Land Banking Pays Off For Manukau

Manukau Mayor Sir Barry Curtis says the city has had fantastic returns from the City Council's policy of strategic buying of land in previous decades. The practice of purchasing large amounts of open land for future development is known as "land banking".

Sir Barry says, "In many cases we got the properties for a song, compared to what we would have to pay today. They were a great investment because land prices have rocketed in the meantime. Ratepayers have benefited greatly."

The purchases were made with a long-term strategic goal. The aim was to create a city from scratch, with a sophisticated infrastructure to serve both fast-growing business zones and new housing areas.

The Council put in essential elements such as roading, water supplies and drainage, and surplus land was then sold for the next stage of development. "We put in the skeleton and the private sector added the flesh and bones," Sir Barry says.

Recently the Council similarly bought large parcels in Flat Bush, which will be the new high-growth centre of the region over the next decade. Since then the land has quadrupled in value.

"I don't know why claims are being made that the Council should not be getting involved in developing Flat Bush when we have been doing such things successfully for decades. It's not a new concept."

The Council always retained land which was needed for community and civic facilities. However the Council's holdings in Flat Bush will not be sold as one block because the Council believes there will be a higher quality development if it retains ownership, and therefore control of the design, phasing and management of development.

"I realised early on that we had to buy large areas of land in order to promote growth in the city. Without Council's investment, thriving business areas such as Wiri and East Tamaki would not be what they are today. It's worth remembering that most of Manukau City Centre was built on land purchased by the Council in the 1960s."

The same applied to future housing areas. "It was clear decades ago that Auckland City and the North Shore had little land available for large-scale future housing development, but the east of the region, which is now Manukau City, did. That was clearly where the population and business growth would be, and that's exactly what happened.

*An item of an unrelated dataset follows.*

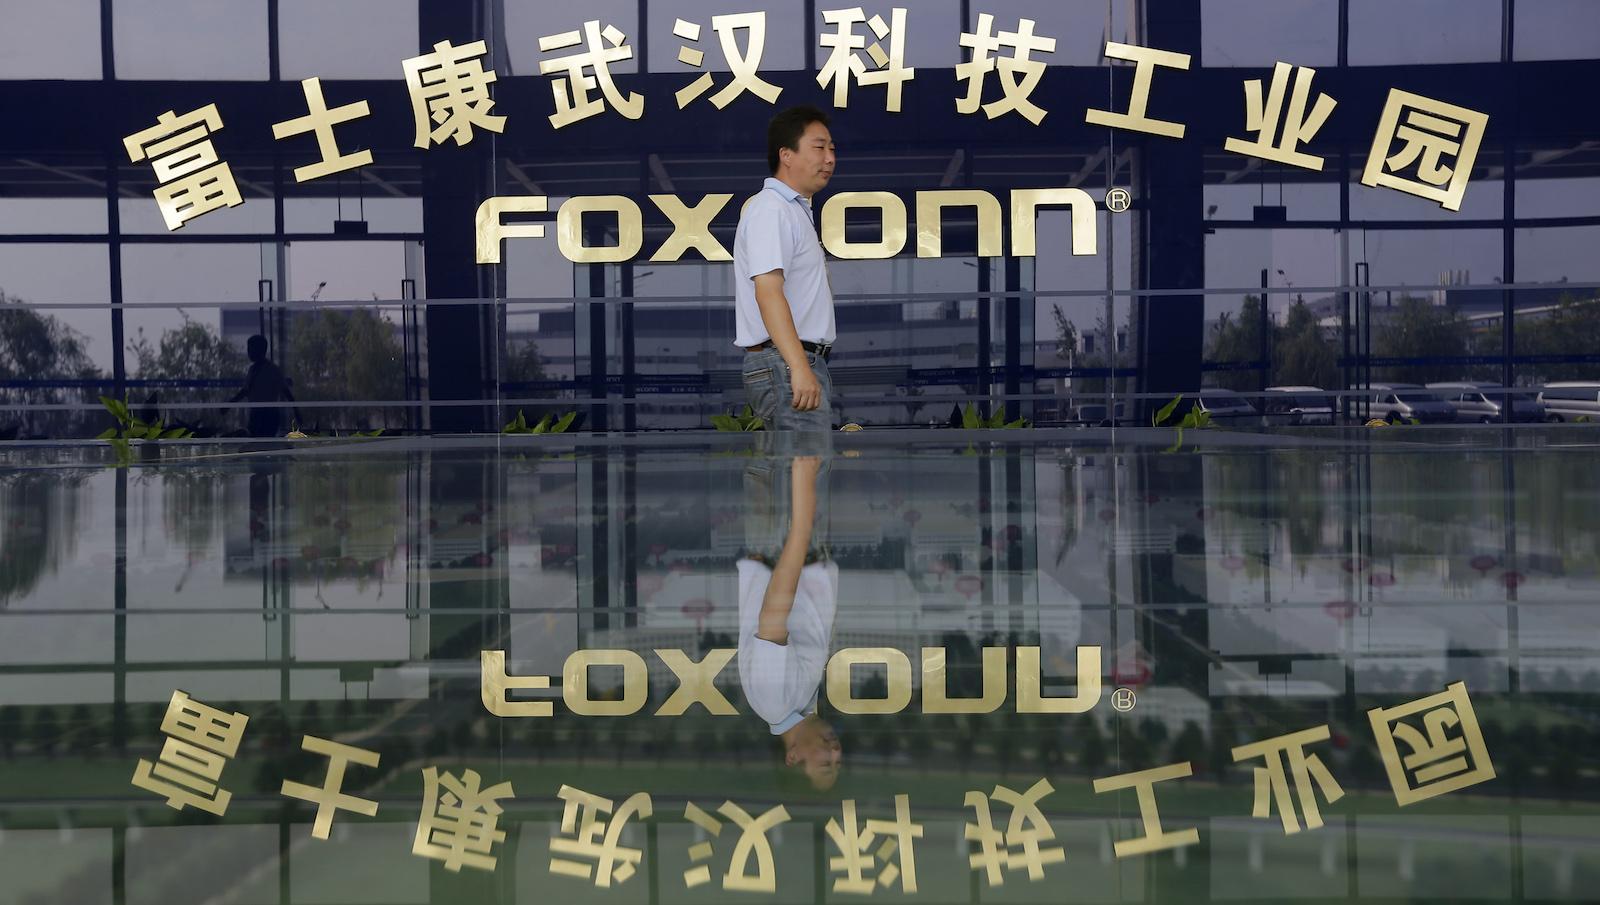 Foxconn-Bharti-SoftBank
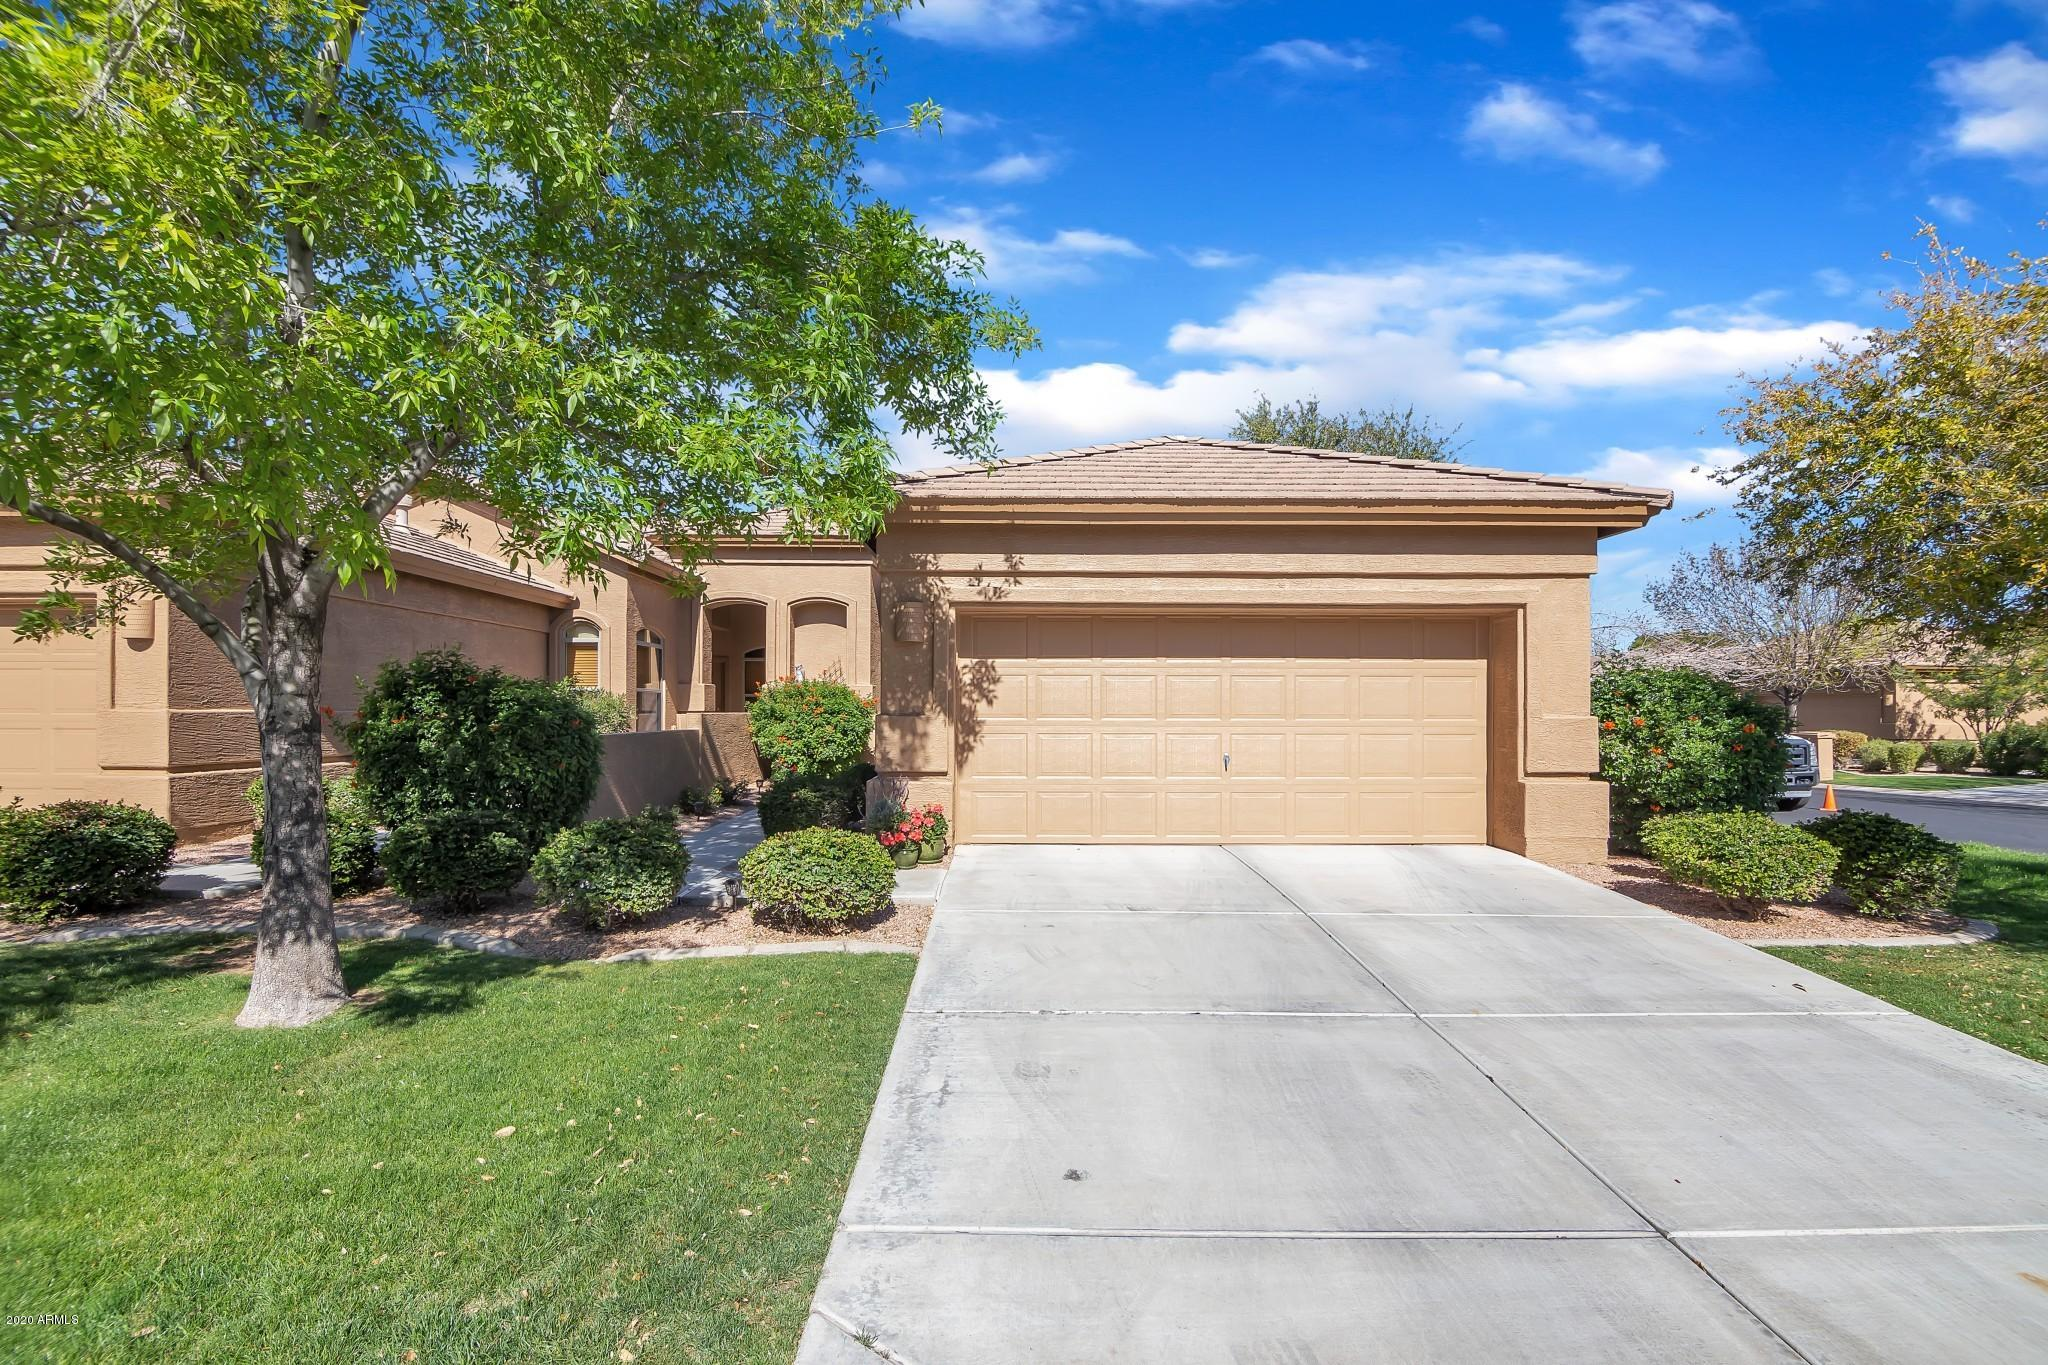 9644 E NACOMA Drive, Sun Lakes, AZ 85248, 2 Bedrooms Bedrooms, ,Residential Lease,For Rent,9644 E NACOMA Drive,6043088

"Putting in quality infrastructure was the point of difference of Manukau. The business community invested here because they had confidence that the necessary roading and other essential services would be there. Now, Manukau is the business powerhouse of the region.

"I am equally proud of the parks and open spaces we now have due to prudent purchases of land in the past, such as Totara Park in 1967, and Puhinui Reserve."

Sir Barry says the city now has magnificent examples of open space which will be a heritage that lasts forever. Manukau has the equivalent of 7,000 rugby pitches in parkland and reserves.

"In contrast, Auckland City is scrambling to find enough open space for parks. In particular I am looking forward to the new Barry Curtis Park which is being developed in Flat Bush. There'll be no shortage of places to go for a bike ride or walk for residents of Flat Bush Town Centre."